4 In its decision, the Commission noted that Qualcomm paid Apple a "total of USD[2-3] billion between 2011 and 2015."
5 Case T-235/18, Qualcomm v Commission, ECLI:EU:T:2022:358 ("Qualcomm v Commission").
6 Case C-413/14 P, Intel v Commission, ECLI:EU:C:2017:632, para. 93.
7 Qualcomm v Commission, para. 185.
8 Qualcomm v Commission, para. 190.
9 The Commission itself admitted that its failure to take notes on two of these meetings was a "regrettable" failure on its part (Qualcomm v Commission, para. 237).
10 The General Court accepted that the Commission can withhold evidence that is irrelevant to the factual and legal basis of the investigation and its statement of objections.
11 Qualcomm v Commission, para. 142.
12 Case T-442/08, CISAC v Commission, ECLI:EU:T:2013:188, para. 93.

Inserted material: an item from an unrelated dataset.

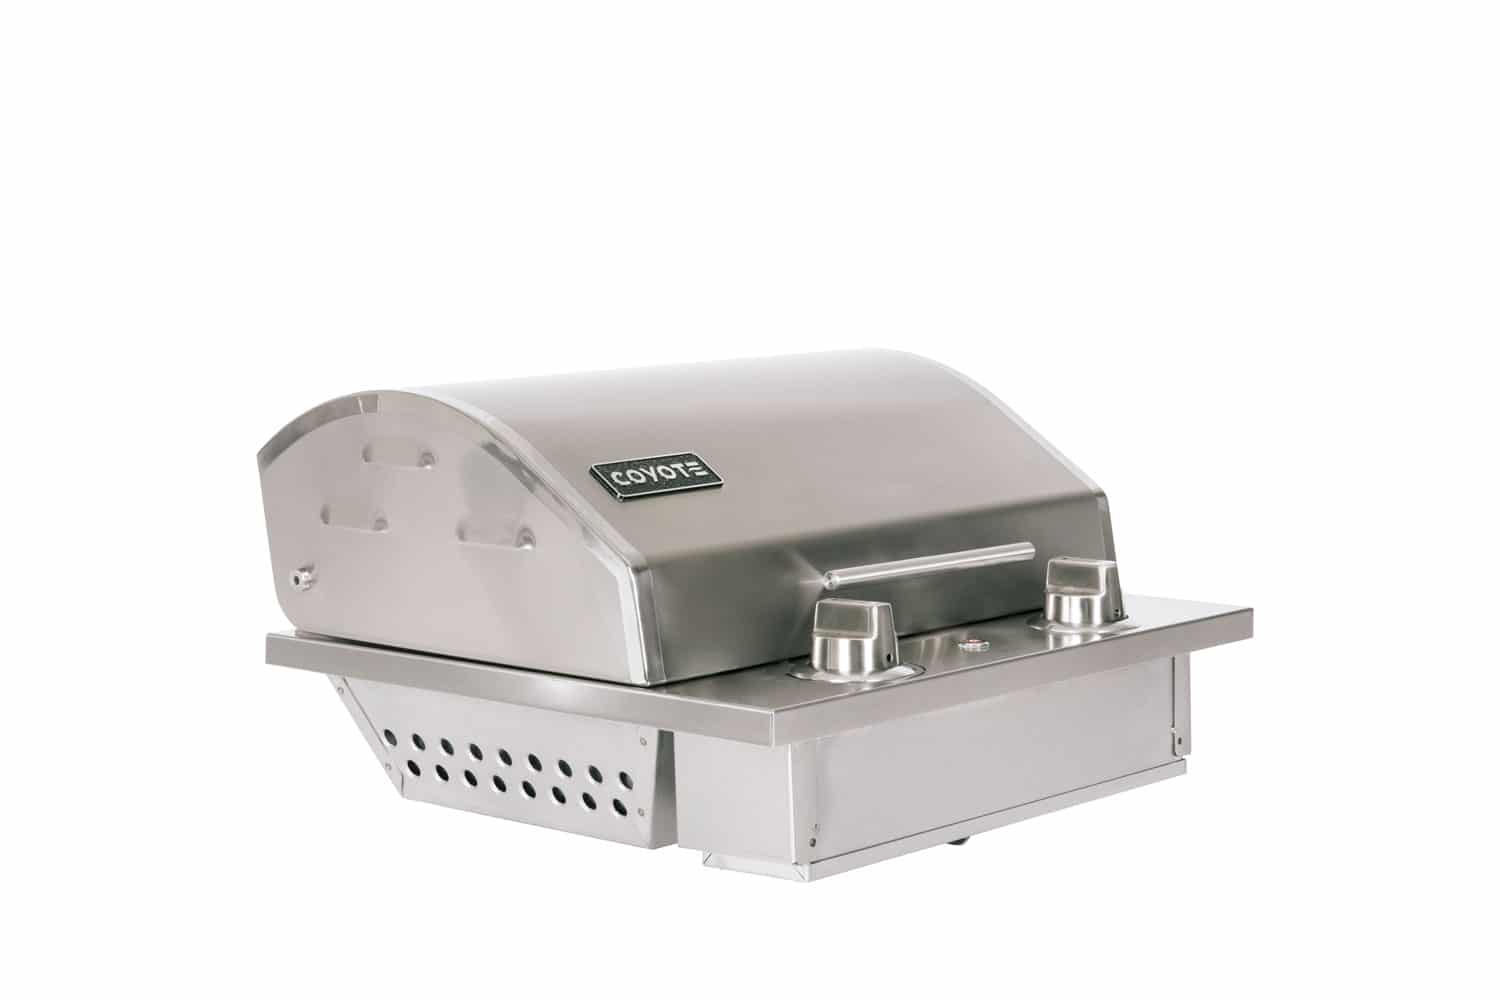 Coyote Electric Grill

13 Qualcomm v Commission, para. 259.
14 Case C-413/14 P, Intel v Commission, ECLI:EU:C:2017:632, para. 138.
15 Qualcomm v Commission, para. 340.
16 Case C-265/17 P, Commission v United Parcel Service, ECLI:EU:C:2019:23. In that case, the econometric analysis used by the Commission in its prohibition decision, was non-negligibly different to that used during the administrative procedure. The General Court thus found, and the Court of Justice agreed, that UPS’s right to a fair hearing had been breached due to the Commission’s failure to allow it to make its views known on the edited econometric analysis ultimately used in the decision.
17 Qualcomm v Commission, paras 396-397.
18 Only in 2016 did the Commission find that approximately half of Apple's requirements were contestable (Qualcomm v Commission, para. 407).
19 Qualcomm v Commission, para. 414.
20 Qualcomm v Commission, para. 421.
21 Qualcomm v Commission, para. 479.
22 Qualcomm v Commission, para. 488.
23 Qualcomm v Commission, para. 511.